As humans have a special sensitivity to red, yellow, and blue, bees have respect to yellow, blue, and ultraviolet. As we form the images with three basic colors, but three other basic ones. Consequently, we perceive very different worlds; as the ultraviolet colors clearly see, in the flowers of the bees appear combinations of completely different colors.

In bees the colour range extends from 300 to 650 nm. In this section are the three points of greater sensitivity: ultraviolet, blue and green-yellowish.

At lunch time we started to enjoy the sweets. Each has a meal he likes the most: oranges, chocolate or croquettes. But what do these foods that we like sweet, taste or smell? It is often difficult to distinguish between the two senses.

And it is that many times what we call flavor is no more than the smell that produces food. Our taste cells only distinguish four flavors: salty, bitter, sweet and acid. The rest of flavors are just perfumes, which come through the nostrils to the sensory cells of smell.

If not, there's no more to see: when we catch the waterfall and eat with our nose closed, the food barely tastes! The croquette we have eaten will be salty or sweet, but it will not taste like croquette. The reason is clear: 80% of the taste of croquette is just smell!

Smell helps animals identify food, companions, and predators. It is the oldest sense from the evolutionary point of view, but it is still about to elucidate what is the molecular basis of smell. The most accepted theory is based on what Linus Pauling explained in 1946, that the size and shape of the odorous molecules are what the nasal receptors know.

The Italian Luca Turin has introduced in biology a totally innovative concept.

In recent years, however, a new theory is emerging. At the moment it is not fully approved, but it is giving much to speak. The main driving force behind this new theory is the Italian Luca Turin. In his opinion, it is not the shape of the molecules that gives character to the smell, at least not just that. “What gives the smell character is the vibrational spectrum of the molecule, which is known by the nasal receptors.”

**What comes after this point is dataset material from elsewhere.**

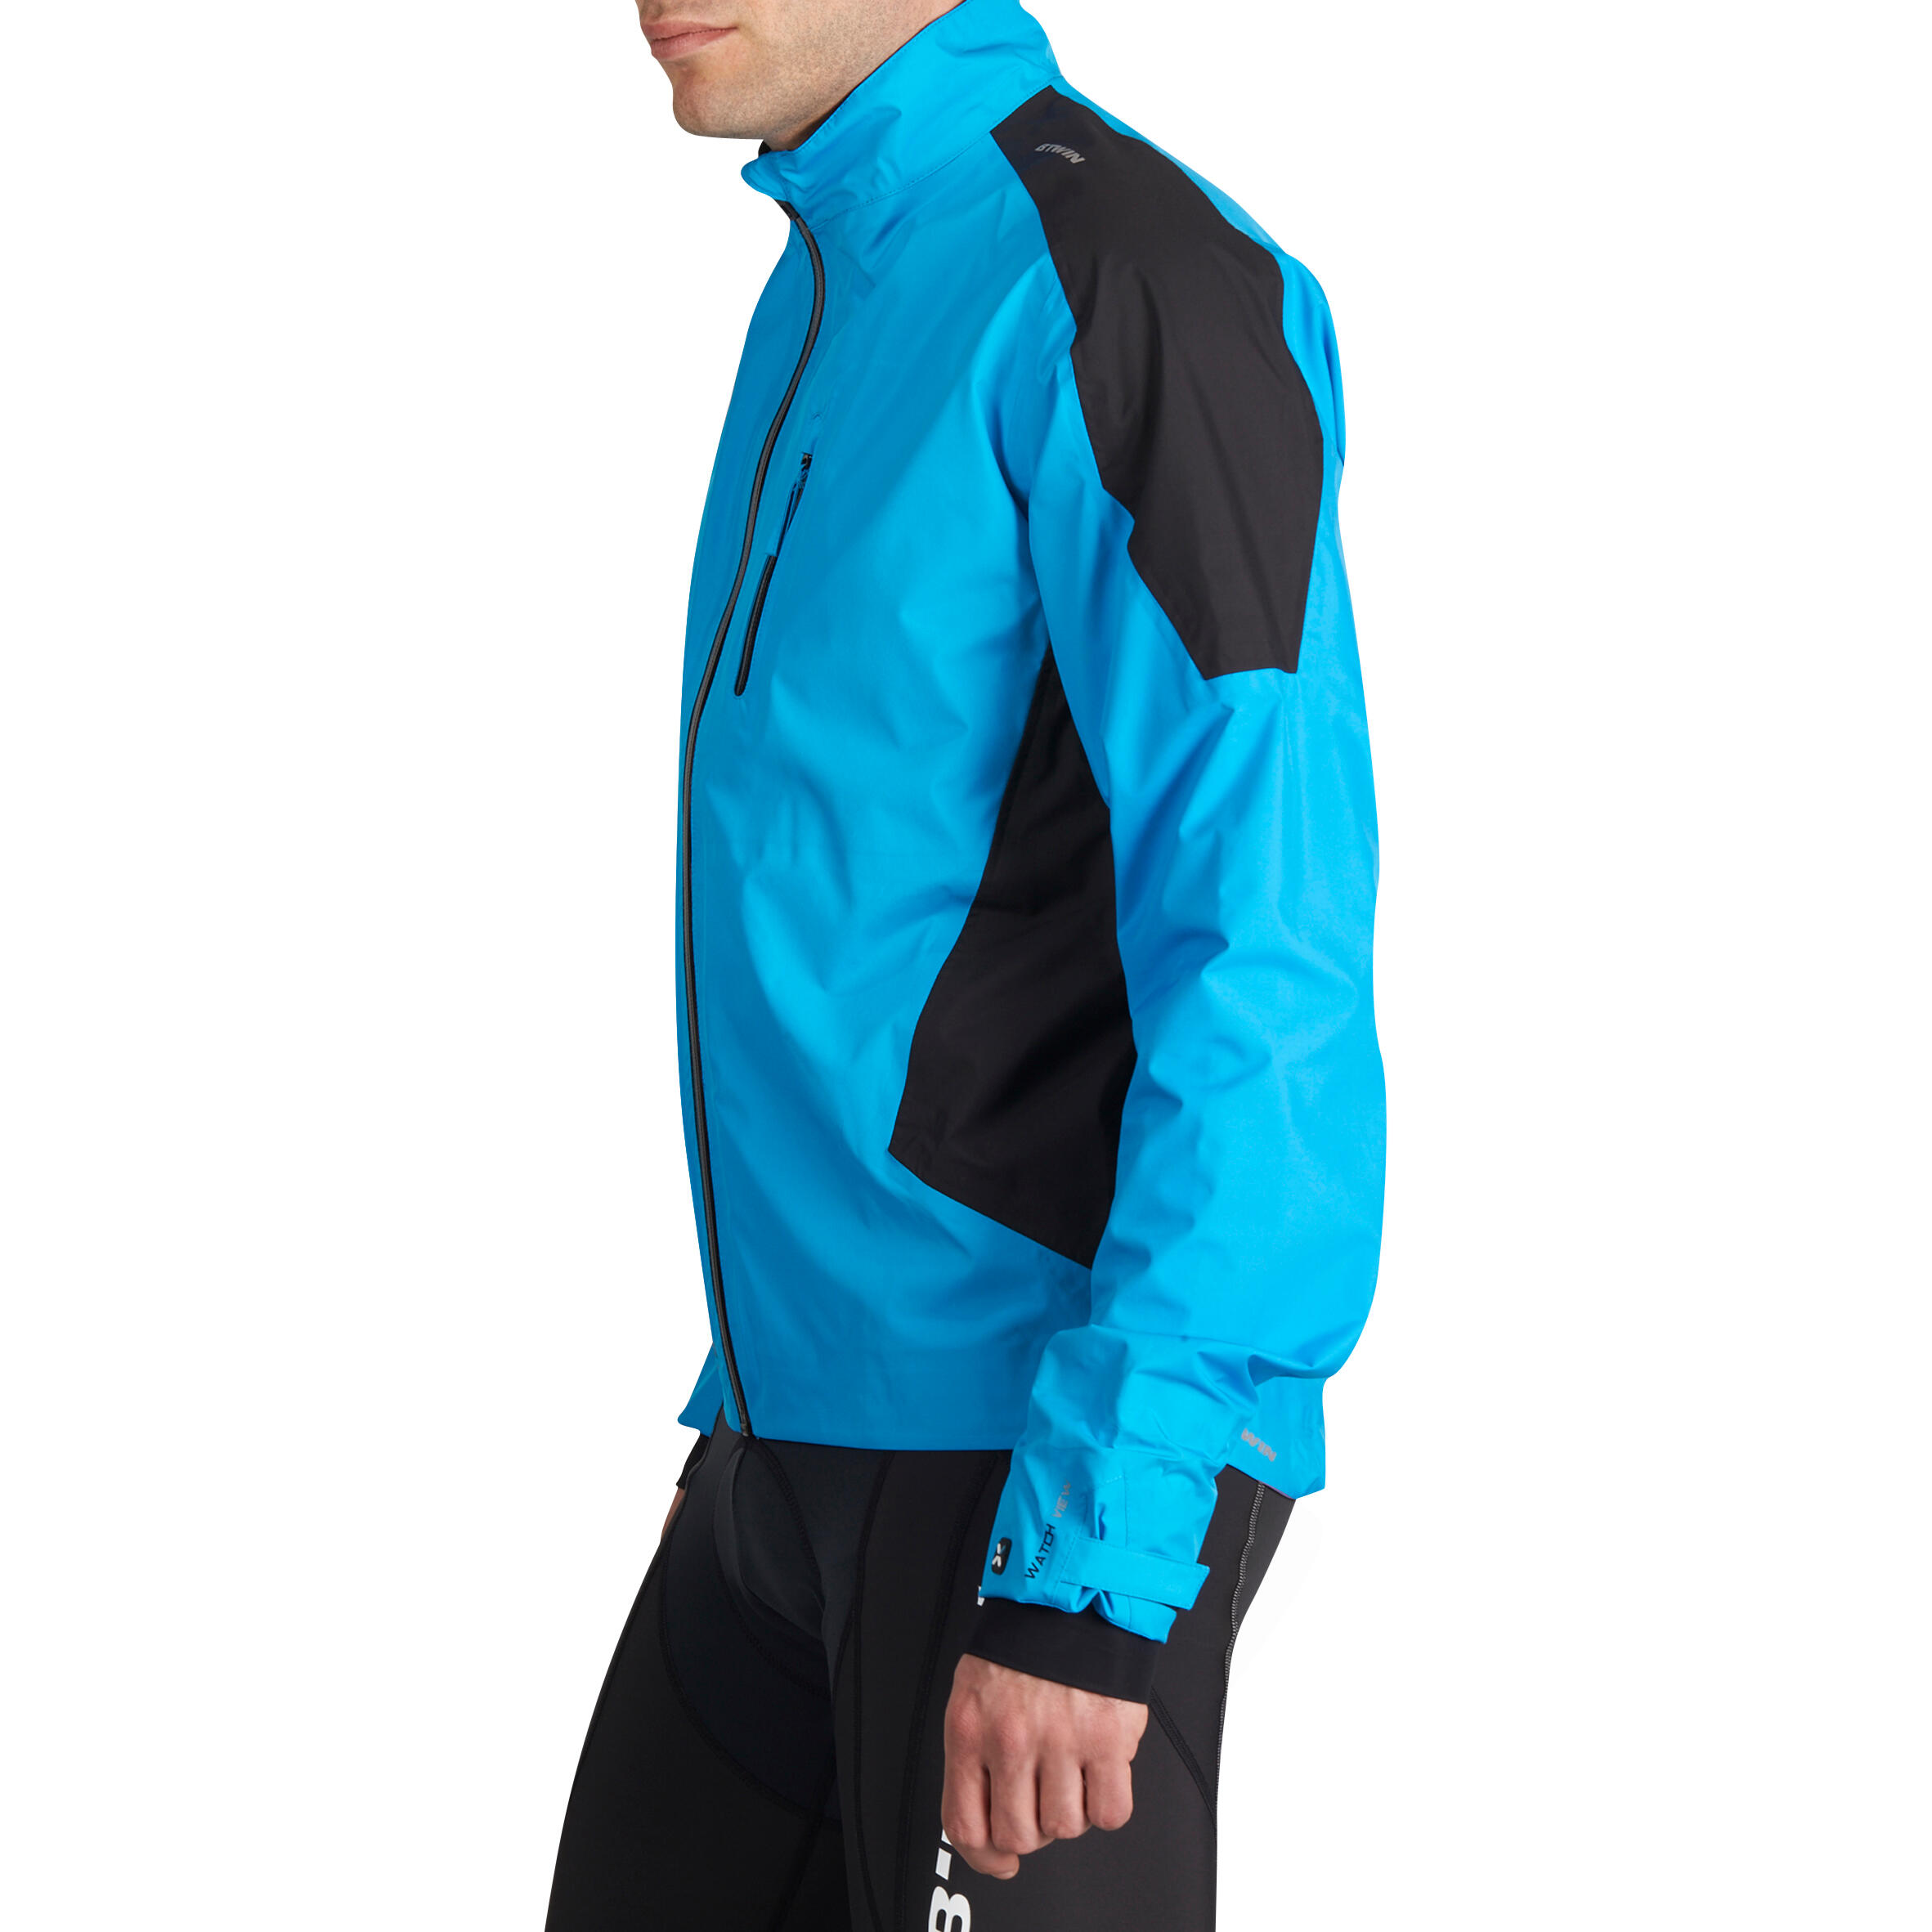 900 Mountain Biking Rainproof Jacket - Blue/Black 5/29

According to Turin, receptors work as true biological spectrophotometers. In addition, just as eye receptors only know certain colors, nasal receptors would also know certain basic vibrations, not any kind. And the combination of this type of basic vibrations would give different odors.

All molecules vibrate. The vibrations are limited by interatomic linkages, so each molecule has vibrations of a certain energy. When the odorous molecule enters the receptor, the tunnel effect consists of the transfer of electrons from the olorous molecule to the receptor. Thus, the receptor highlights the vibrations of the molecule.

If Luca Turin's theory is accepted, the explanation given to the functioning of the smell would change radically. Some believe it is a sufficient discovery to receive the Nobel Prize, since so far a receptor capable of detecting the vibrations of molecules in living beings is not known. Time will tell.